Rapid detection of pathogenic E. coli based on CRISPR Cas system.

Access to safe and nutritious food is critical for maintaining life and supporting good health. Eating food that is contaminated with pathogens leads to serious diseases ranging from diarrhea to cancer. Many foodborne infections can cause long-term impairment or even death. Hence, early detection of foodborne pathogens such as pathogenic Escherichia coli strains is essential for public safety. Conventional methods for detecting these bacteria are based on culturing on selective media and following standard biochemical identification. Despite their accuracy, these methods are time-consuming. PCR-based detection of pathogens relies on sophisticated equipment and specialized technicians which are difficult to find in areas with limited resources. Whereas CRISPR technology is more specific and sensitive for identifying pathogenic bacteria because it employs programmable CRISPR-Cas systems that target particular DNA sequences, minimizing non-specific binding and cross-reactivity. In this project, a robust detection method based on CRISPR-Cas12a sensing was developed, which is rapid, sensitive and specific for detection of pathogenic E. coli isolates that were collected from the fecal samples from adult goats from 17 farms in Tennessee. Detection reaction contained amplified PCR products for the pathogenic regions, reporter probe, Cas12a enzyme, and crRNA specific to three pathogenic genes-stx1, stx2, and hlyA. The CRISPR reaction with the pathogenic bacteria emitted fluorescence when excited under UV light. To evaluate the detection sensitivity and specificity of this assay, its results were compared with PCR based detection assay. Both methods resulted in similar results for the same samples. This technique is very precise, highly sensitive, quick, cost effective, and easy to use, and can easily overcome the limitations of the present detection methods. This project can result in a versatile detection method that is easily adaptable for rapid response in the detection and surveillance of diseases that pose large-scale biosecurity threats to human health, and plant and animal production.
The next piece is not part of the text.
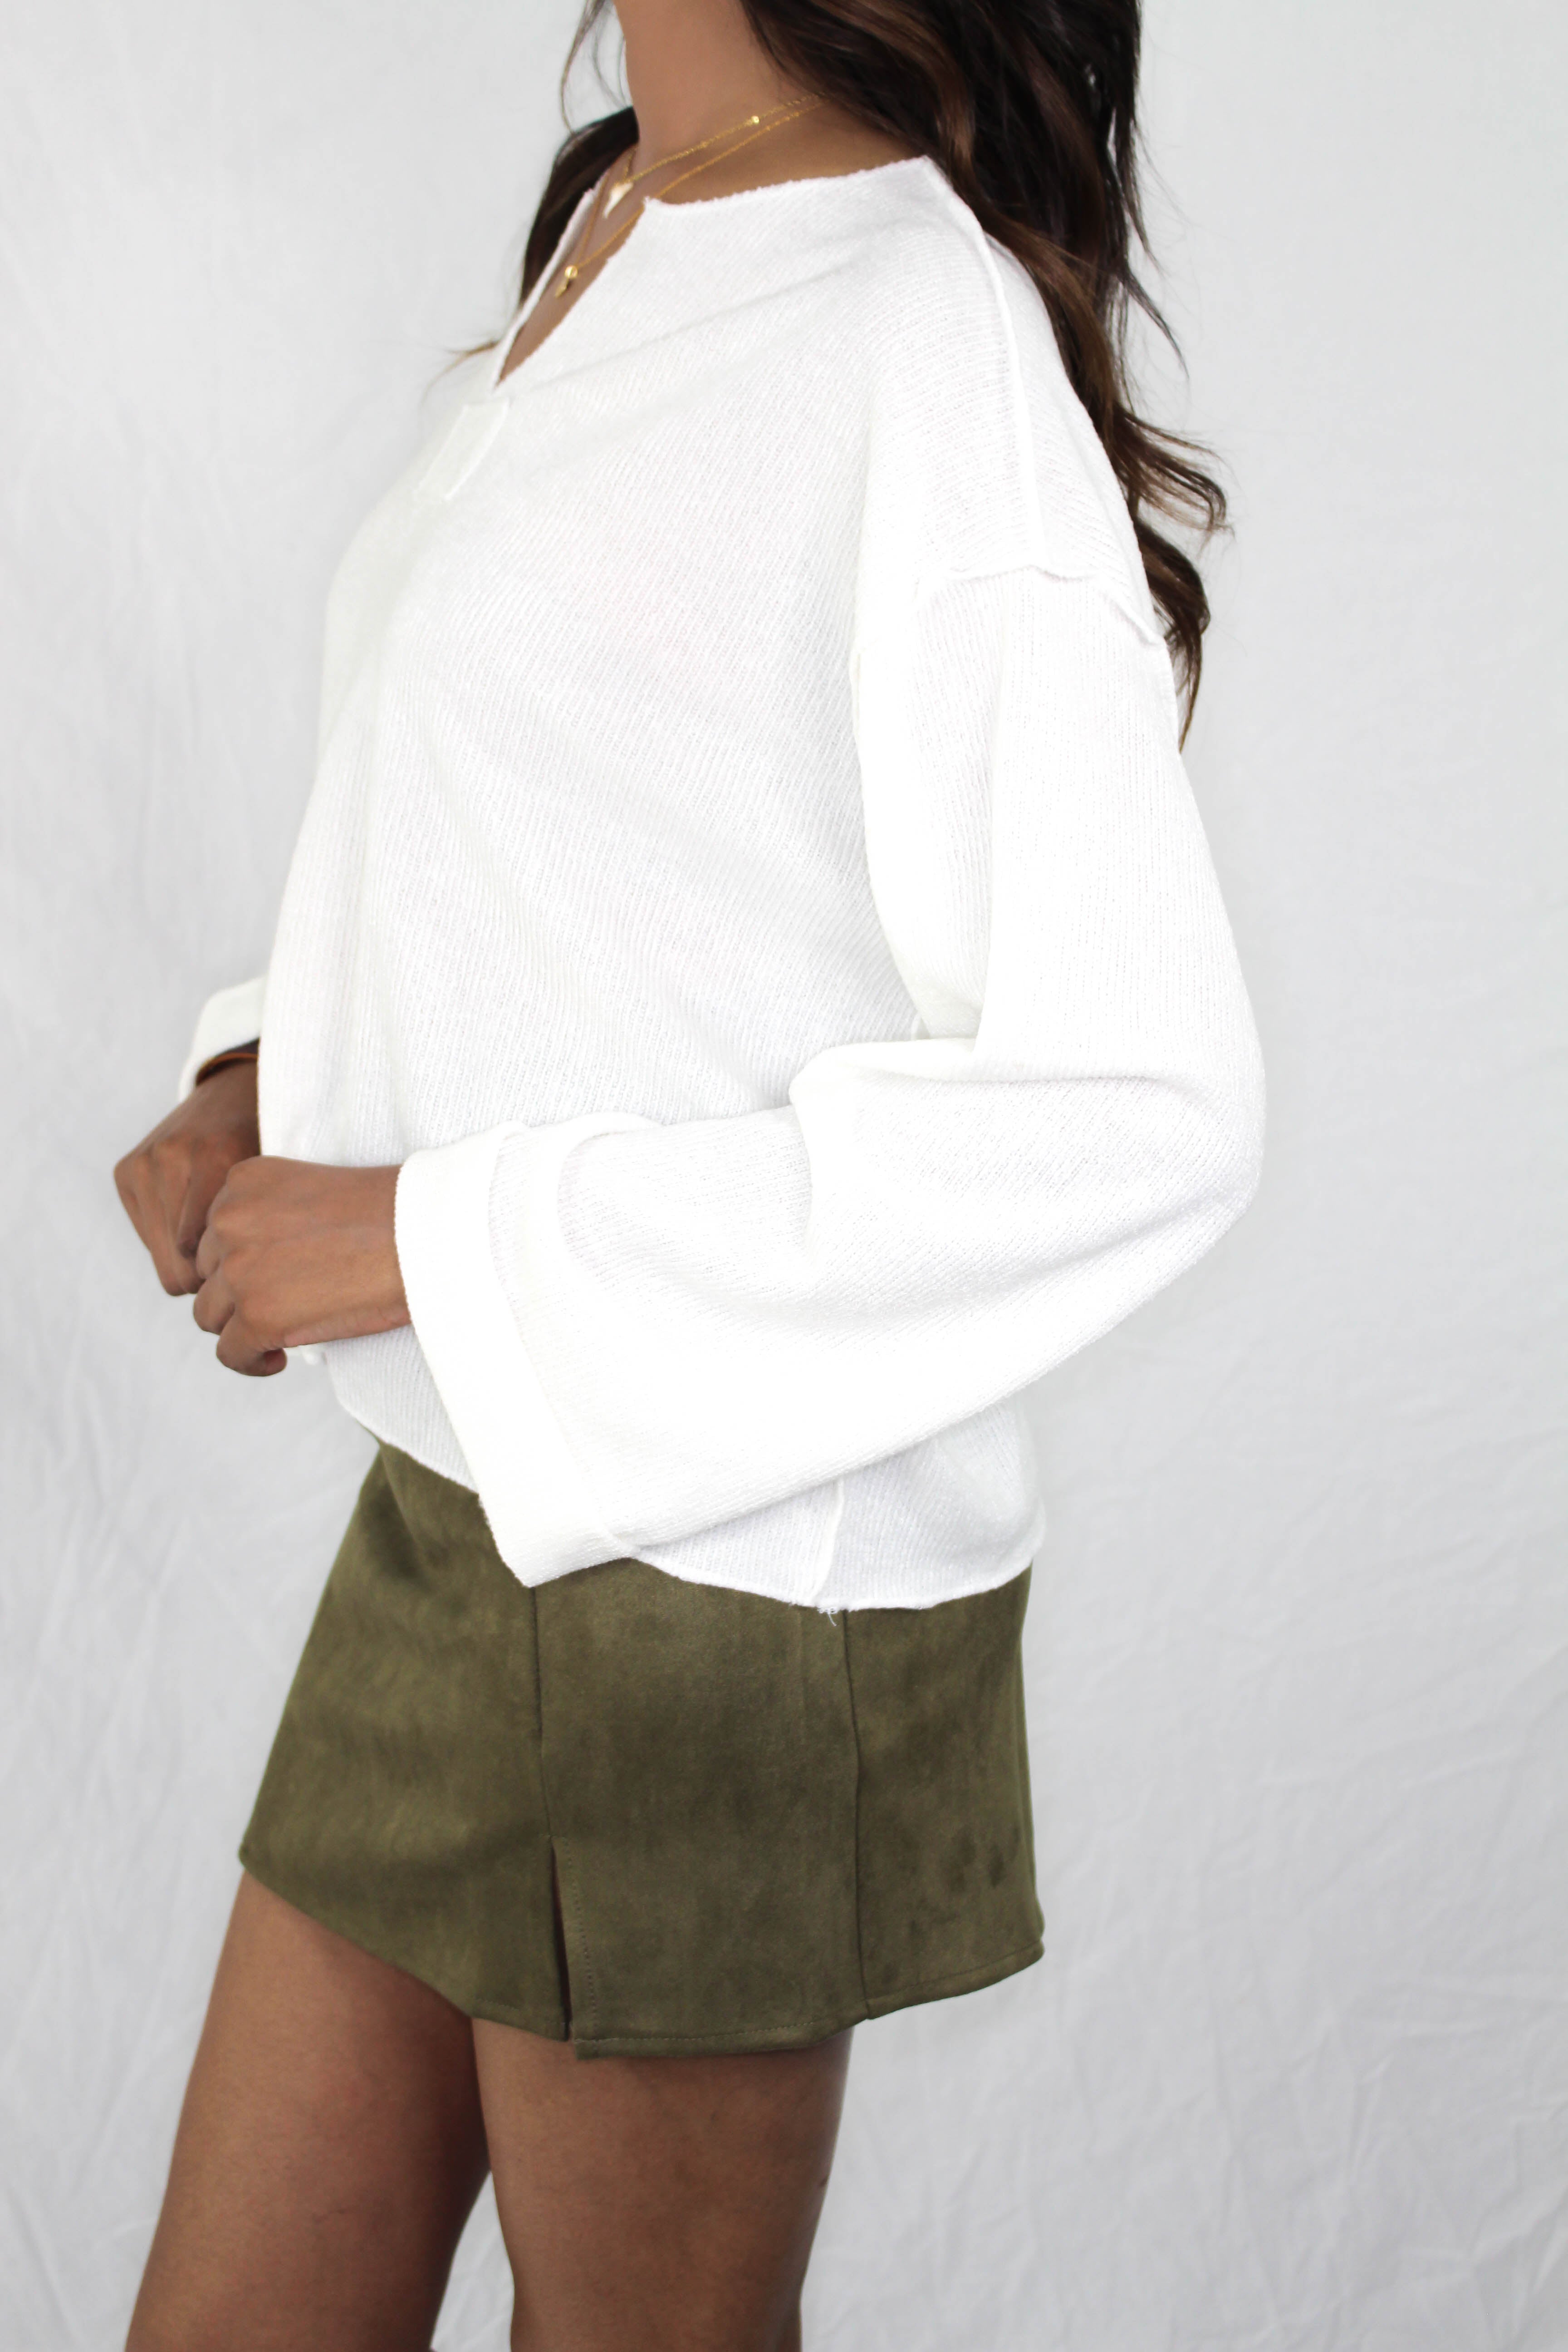 Colburn Faux Suede Skirt in Olive

Citric acid/ß-alanine carbon dots as a novel tool for delivery of plasmid DNA into E. coli cells.

Successful delivery of plasmid DNA into the microbial cells is fundamental in recombinant DNA technology. Natural bacterial transformation is limited to only certain species due in part to the repulsive forces between negatively charged DNA and bacterial membranes. Most common method of DNA delivery into bacteria is artificial transformation through heat shock and electroporation. These methods require sophisticated instruments and tedious steps in preparation of competent cells. Transformation by conjugation is also not applicable to all plasmids. Nanoparticles have been used successfully in therapeutics for drug delivery into animal cells. They are starting to gain popularity in plant sciences as novel DNA nano carriers. Despite their promise as tool for DNA delivery, their use in microbial cell transformation has not been reported yet. Here we report the synthesis of carbon dots (CDs) from citric acid and ß-alanine and their use in DNA delivery into E. coli cells. CDs were fabricated using microwave assisted synthesis. Plasmids carrying RFP reporter and ampicillin resistance genes were transferred to bacterial cells and further confirmed using polymerase chain reaction. Our findings indicate that CDs can be used successfully for delivery of foreign DNA of up to 10 kb into E. coli. We have demonstrated the use of ß-alanine/citric acid carbon dots as nanocarriers of DNA into E. coli cells and identified their limitation in terms of the size of plasmid DNA they could carry. Use of these carbon dots is a novel method in foreign DNA delivery into bacterial cells and have a potential for the transformation of resistant organism for which there is still no reliable DNA delivery systems.

Antibacterial Properties of Citric Acid/ß-Alanine Carbon Dots against Gram-Negative Bacteria.

While multi-drug resistance in bacteria is an emerging concern in public health, using carbon dots (CDs) as a new source of antimicrobial activity is gaining popularity due to their antimicrobial and non-toxic properties. Here we prepared carbon dots from citric acid and ß-alanine and demonstrated their ability to inhibit the growth of diverse groups of Gram-negative bacteria, including E. coli, Salmonella, Pseudomonas, Agrobacterium, and Pectobacterium species. Carbon dots were prepared using a one-pot, three-minute synthesis process in a commercial microwave oven (700 W). The antibacterial activity of these CDs was studied using the well-diffusion method, and their minimal inhibitory concentration was determined by exposing bacterial cells for 20 h to different concentrations of CDs ranging from 0.5 to 10 mg/mL. Our finding indicates that these CDs can be an effective alternative to commercially available antibiotics. We also demonstrated the minimum incubation time required for complete inhibition of bacterial growth, which varied depending on bacterial species. With 15-min incubation time, A. tumefaciens and P. aeruginosa were the most sensitive strains, whereas E. coli and S. enterica were the most resistant bacterial strains requiring over 20 h incubation with CDs.